Leaves: opposite, mostly 1.5-8 cm long and 1-3 mm wide, the pairs well spaced on the stem.
Flowers: sweet-scented, few to several in clusters with leafy bracts at bases. The flower stalks well-developed, slender. The membranes between the 5 ribs of the calyx strongly and permanently keeled toward the base. Corolla pink to white, the tube 10-18 mm long, 1-2 times as long as the calyx, the lobes 7-15 mm long, entire or slightly ragged, half as long to fully as long as the tube. Filaments mostly attached above the middle of the corolla tube, often some of the anthers partly protruding. Style elongate, 6-15 mm long, several times as long as the linear stigmas.
Fruits: capsules, elliptic, splitting along 3 lines, containing few seeds.
Dry, open rocky places, from the lowlands to moderate or occasionally high elevations in the mountains, in w. and s. parts of MT. Also from WA and s. B.C. to s. CA, eastward to w. WY, CO, and NM.
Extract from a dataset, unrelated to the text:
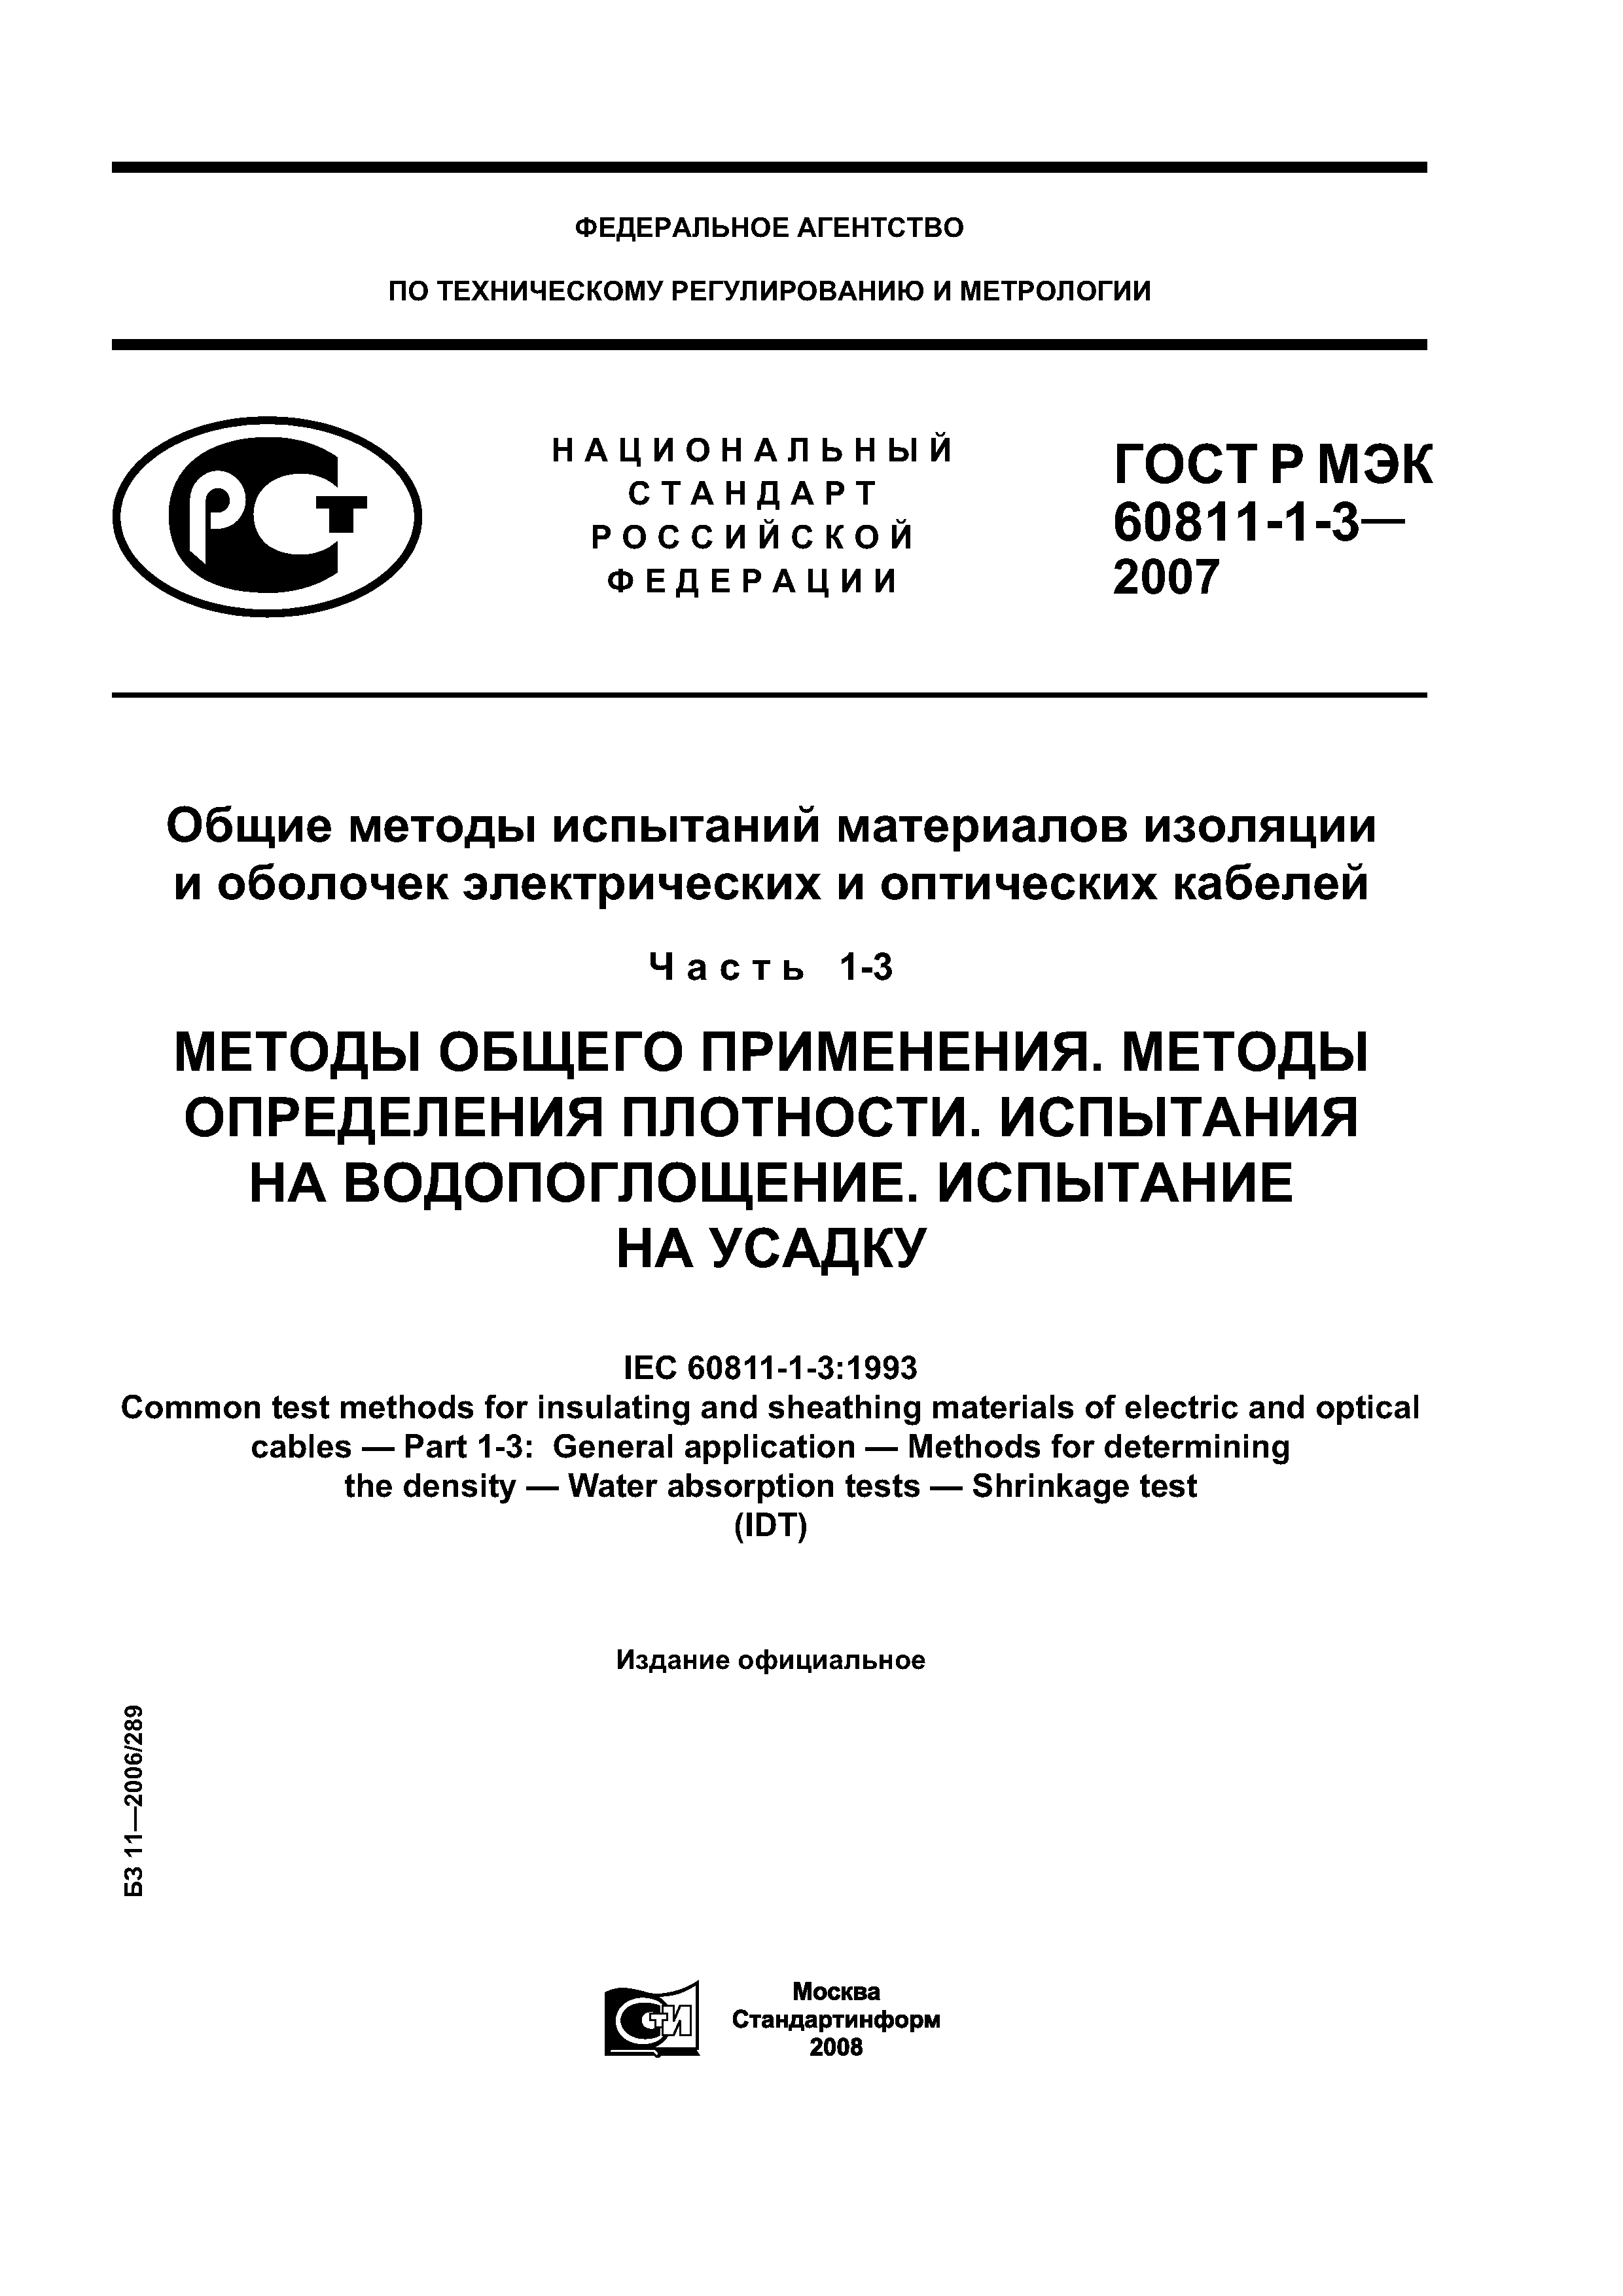 ГОСТ Р МЭК 60811-1-3-2007

Long-leaved phlox was used medicinally by several native tribes, the Havasupai, Okanagan-Colville, the Paiute, the Shoshoni and Washo Indians among others. A decoction of pounded roots was rubbed all over the body for colds or aches, it was also given to babies with stomachaches. An infusion of the whole plant was given to "anemic" children. An infusion of mashed roots was taken for diarrhea. A decoction of the entire plant was taken for stomach disorders, and an infusion of roots was given to children for stomachaches. Externally, a decoction of leaves was put on boils, and an infusion or decoction of roots was used as an eyewash.
Our specimen belong to ssp. longifolia Nutt.